Sin embargo, para Robineau, como para todos los hombres, existía una pequeña luz. Había experimentado una gran dulzura al sacar del fondo de su maleta un pequeño estuche, cuidadosamente envuelto. Lo había golpeteado largo rato sin decir nada. Luego, abriendo por fin las manos:

—He traído esto del Sahara…

El inspector había enrojecido al atreverse a tal confidencia. Se consolaba de sus sinsabores, de su infortunio conyugal, y de toda esa gris verdad, con pequeños guijarros negruzcos que abrían una puerta sobre el misterio.

Enrojeciendo algo más:

—Se encuentran otros idénticos en el Brasil…

Y Pellerin había golpeado la espalda de un inspector que se doblaba sobre la Atlántida.

También por pudor Pellerin había preguntado:

—¿Le gusta la Geología?

Sólo las piedras habían sido dulces para él en la vida.

Robineau, cuando fue llamado, se entristeció, pero recobró de nuevo su dignidad.

—Debo dejarle; el señor Rivière me necesita para algunas decisiones graves.

Cuando Robineau penetró en la oficina, Rivière lo había olvidado. Se hallaba meditabundo ante un mapa donde se destacaba en rojo la red de la Compañía. El inspector esperaba órdenes. Después de muchos minutos, Rivière, sin volver la cabeza, le preguntó:

—¿Qué piensa de este mapa, Robineau?

A veces, planteaba jeroglíficos al despertar de un ensueño.

—Este mapa, señor director…

El inspector, en realidad, no pensaba nada, pero, examinando resueltamente el mapa con aire severo, inspeccionaba a bulto Europa y América. Rivière, por otra parte, continuaba sin comunicárselas, sus meditaciones: «El rostro de esa red es hermoso, pero duro. Nos ha costado muchos hombres, y hombres jóvenes. Se impone aquí con la autoridad de las cosas ya construidas, pero ¡cuántos problemas plantea!». No obstante, el objetivo, para Rivière, lo dominaba todo.

Robineau, de pie a su lado, examinando aún el mapa con la misma firmeza, se enderezaba poco a poco. De Rivière no esperaba ninguna compasión.

Una vez había probado suerte confesando su vida destrozada por causa de su ridícula enfermedad, pero Rivière le había respondido con un exabrupto: «Si eso os impide dormir, estimulará también vuestra actividad».
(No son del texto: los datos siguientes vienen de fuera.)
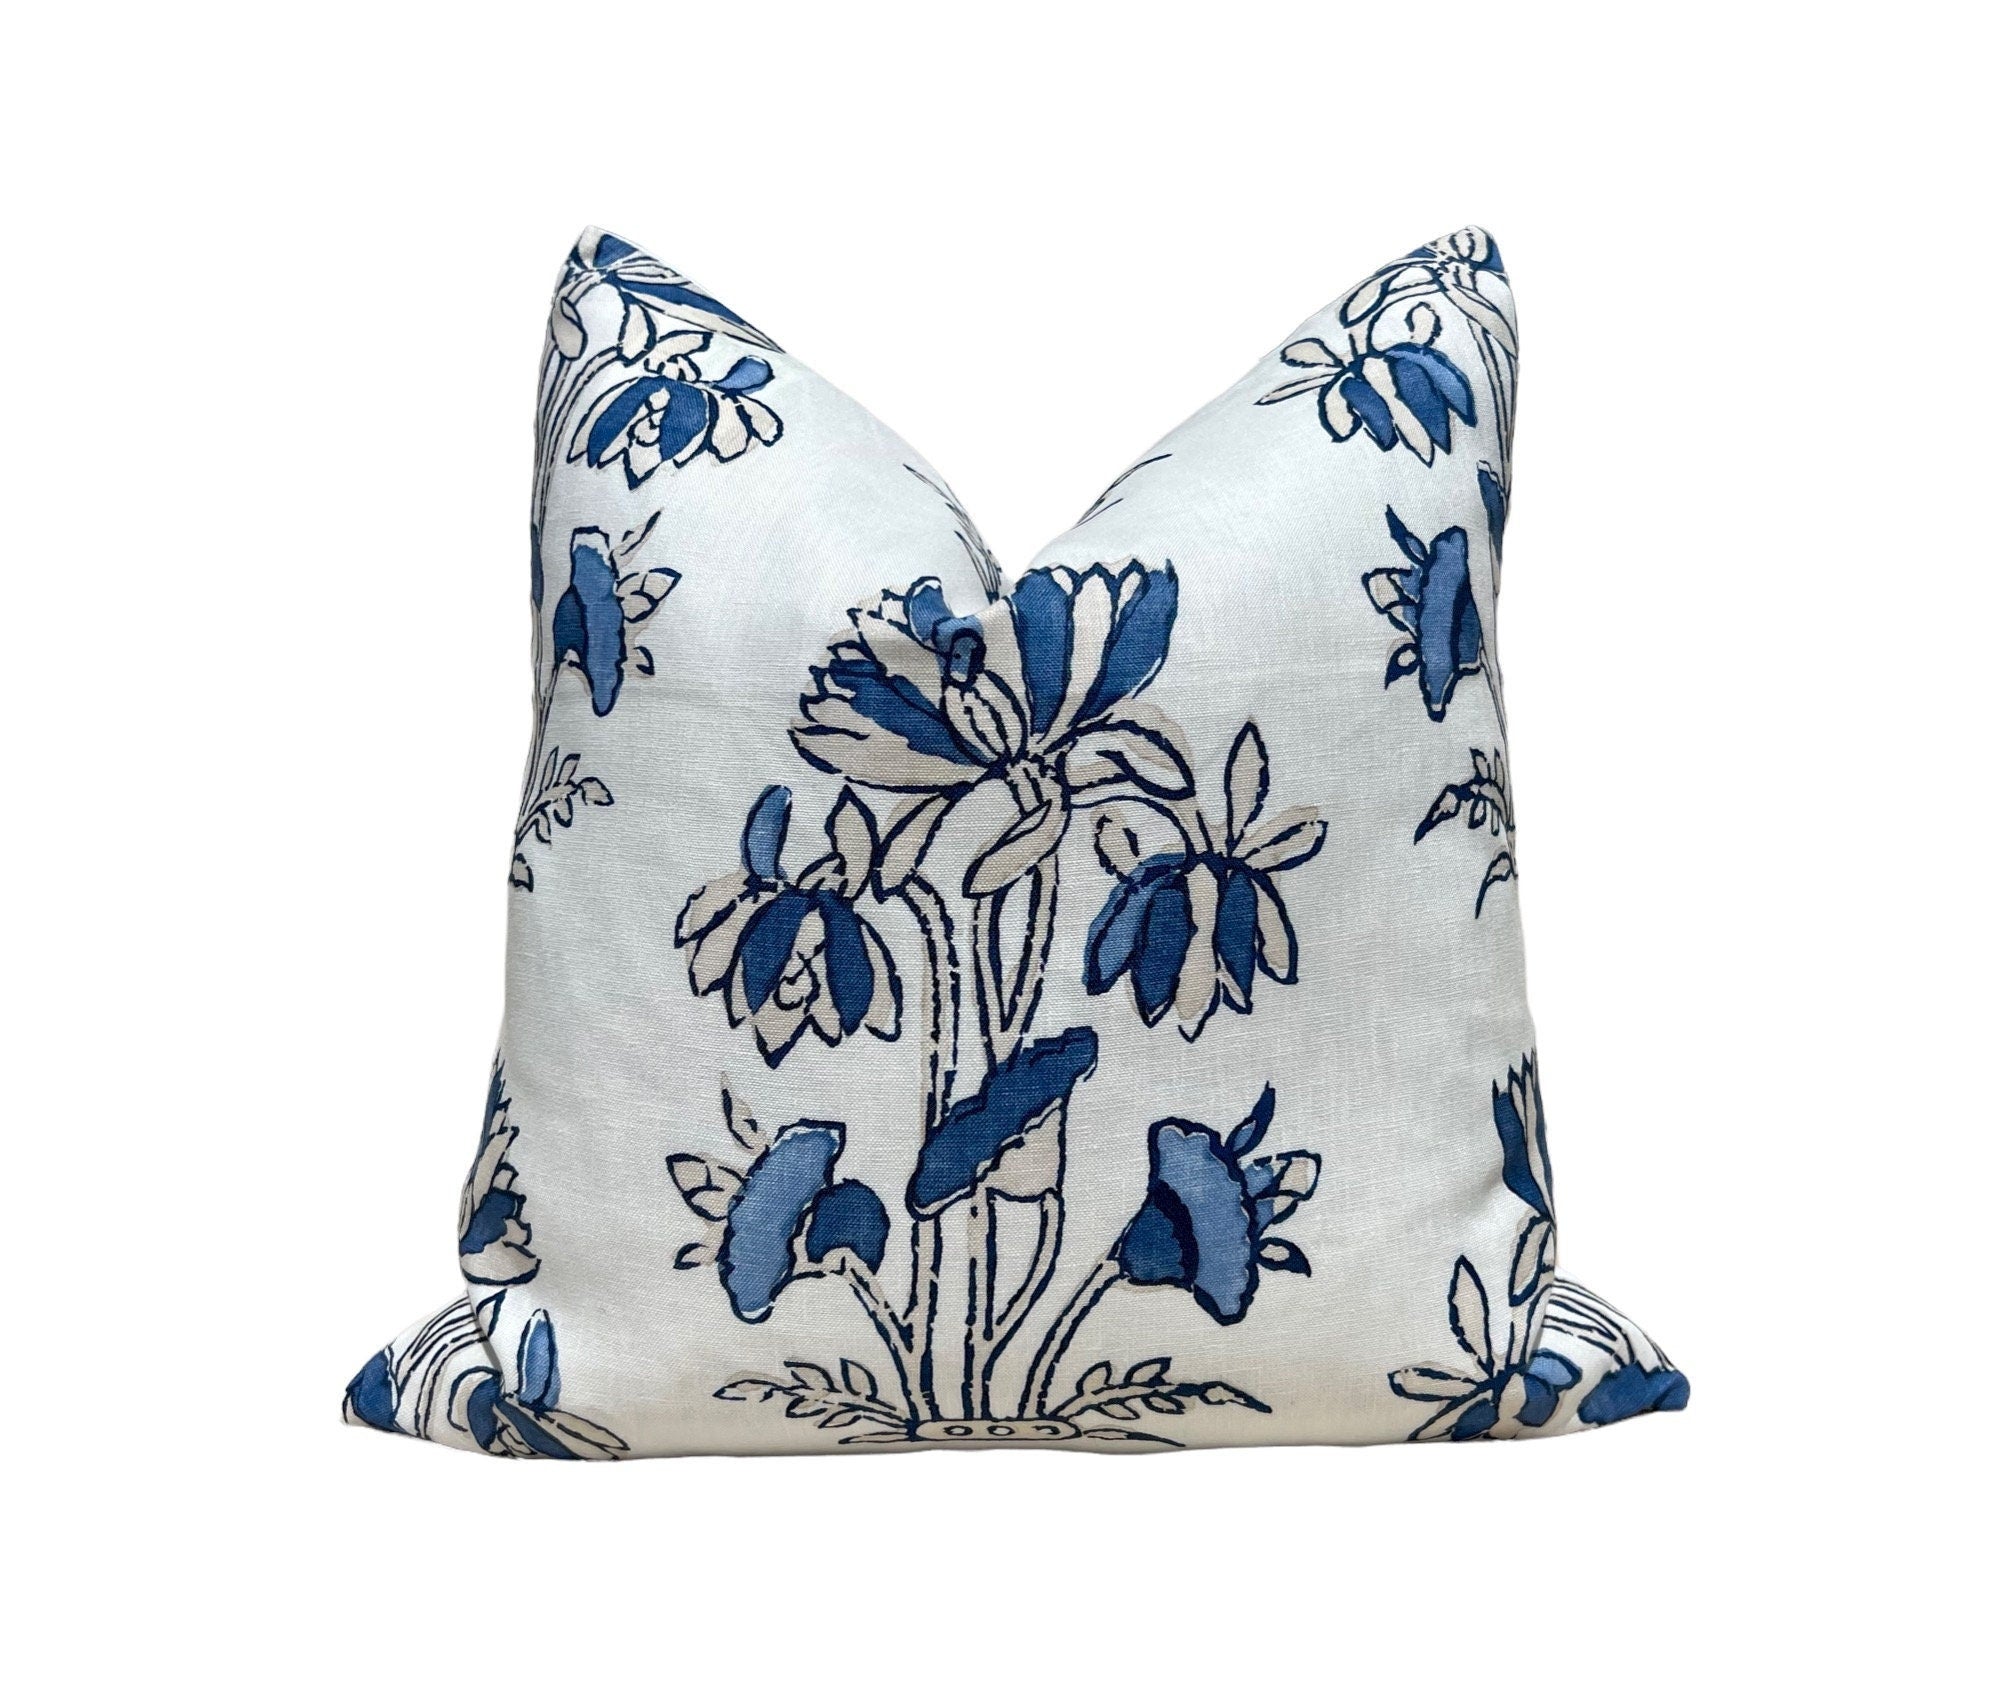 Thibaut Lily Flower Pillow in Blue and White. Designer Pillows, Accent Floral Pillow in Blue,  Euro Sham Cushion Cover, High End Pillows

Era un exabrupto a medias, pues Rivière acostumbraba a afirmar: «Si el insomnio de un músico le hace crear hermosas obras, es un hermoso insomnio». Un día, había designado a Leroux: «Dígame si no es hermosa esa fealdad que rechaza el amor…». Todo lo que de grande tenía Leroux, lo debía tal vez a esa desgracia, que había limitado su vida entera a la del oficio.

—¿Es usted amigo de Pellerin?

—¡Eh…!

—No se lo reprocho.

Rivière dio media vuelta y, con la cabeza inclinada, a cortos pasos, arrastró consigo a Robineau. Una triste sonrisa, que Robineau no comprendió, le vino a los labios:

—Sin embargo…, sin embargo, usted es el jefe.

—Sí —dijo Robineau.

Rivière pensó que de esa manera, cada noche, una acción se desarrollaba en el cielo como un drama. Una flexión de voluntades podía acarrear un desastre; tal vez habría que luchar mucho hasta el nuevo día.